Когда животные — и большинство обычных людей — оказываются перед лицом физической опасности, их тело цепенеет. С физиологической точки зрения это неэкономично, но это — закон. Белые медведи являются исключением. Они могут лежать в засаде, полностью расслабившись, в течение двух часов, при этом ни на секунду не ослабляя максимального тонуса готовности мускулатуры. Теперь я вижу, что и механик является исключением. Он стоит почти без всякого напряжения. Но в его сосредоточенности на стоящих перед ним мужчинах таится физическая опасность, которая еще раз напоминает мне, как мало я о нем знаю.
Это не производит никакого видимого впечатления на Рауна. Но заставляет двух синих мужчин сделать шаг назад, расстегивая при этом пиджаки. Возможно, им жарко. Возможно, оба они имеют одинаковую нервную реакцию. Возможно, у них обоих есть по дубинке со свинцовым сердечником.
— Меня отвезут домой?
— До самых дверей.
В машине я сижу на заднем сиденье с Рауном. В какой-то момент я наклоняюсь вперед и снимаю с шофера солнечные очки.

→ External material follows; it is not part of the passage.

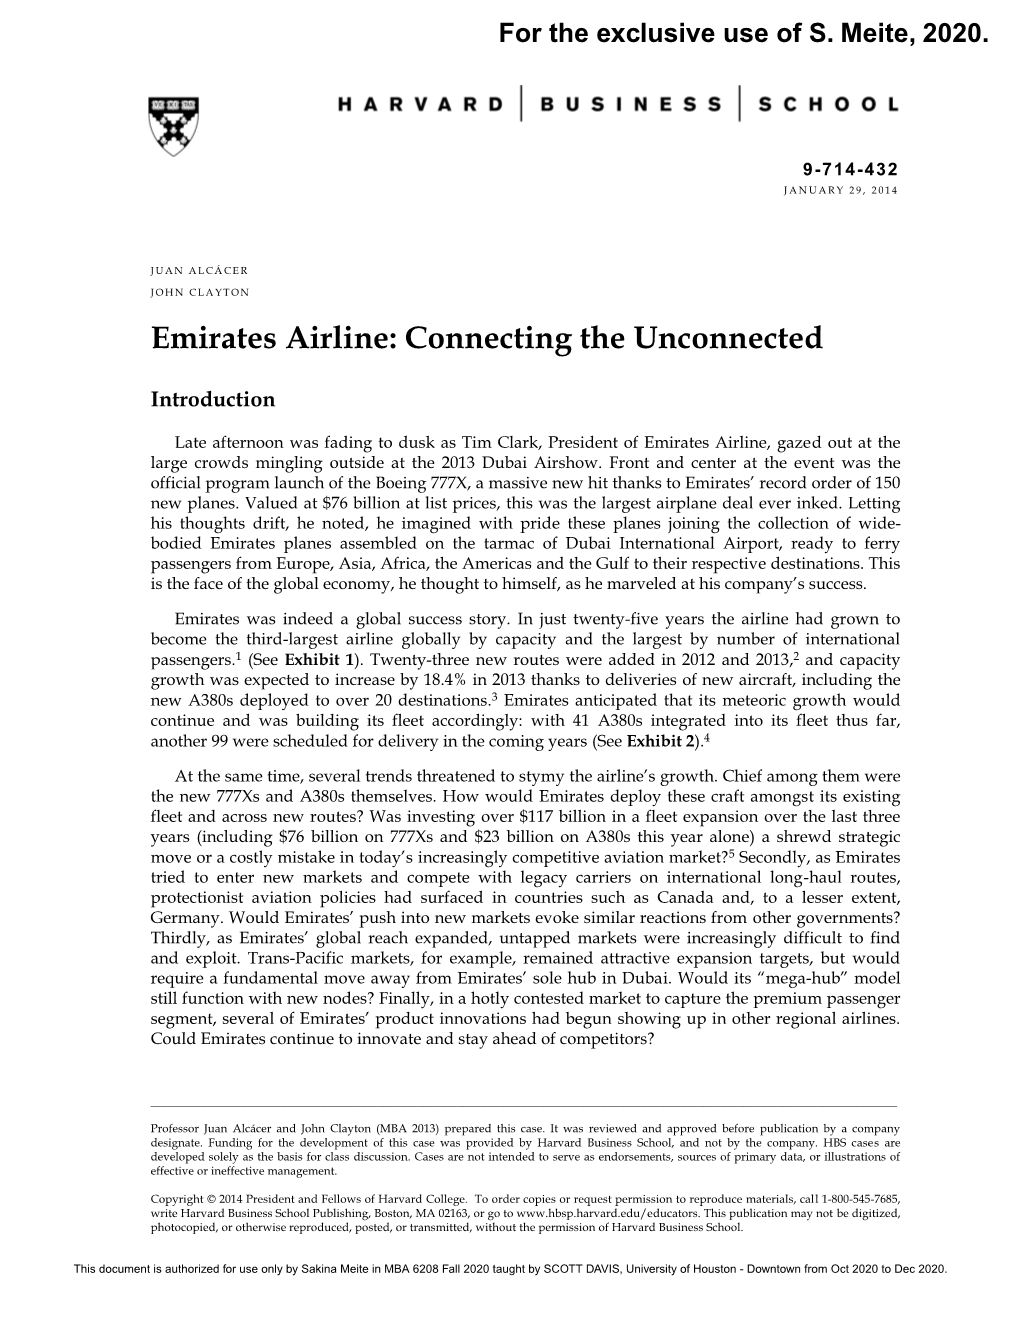 Emirates Airline: Connecting the Unconnected

— Я нема, как рыба, мой милый, — говорю я. — Мой рот запечатан семью печатями. От меня Раун не узнает ничего о том, что ты при исполнении служебных обязанностей спишь. В половине восьмого утра на Каббелаевай.
У Главного полицейского управления мы сворачиваем и едем между красными домами, где находится автоинспекция. Мы направляемся к низкому красному зданию, выходящему фасадом на гавань.
На нем нет никакой вывески. Нам никто не встречается по пути. Не стучат пишущие машинки. На дверях нет табличек с именами. Лишь тишина и покой. Как в читальном зале. Или в морге Института судебной медицины.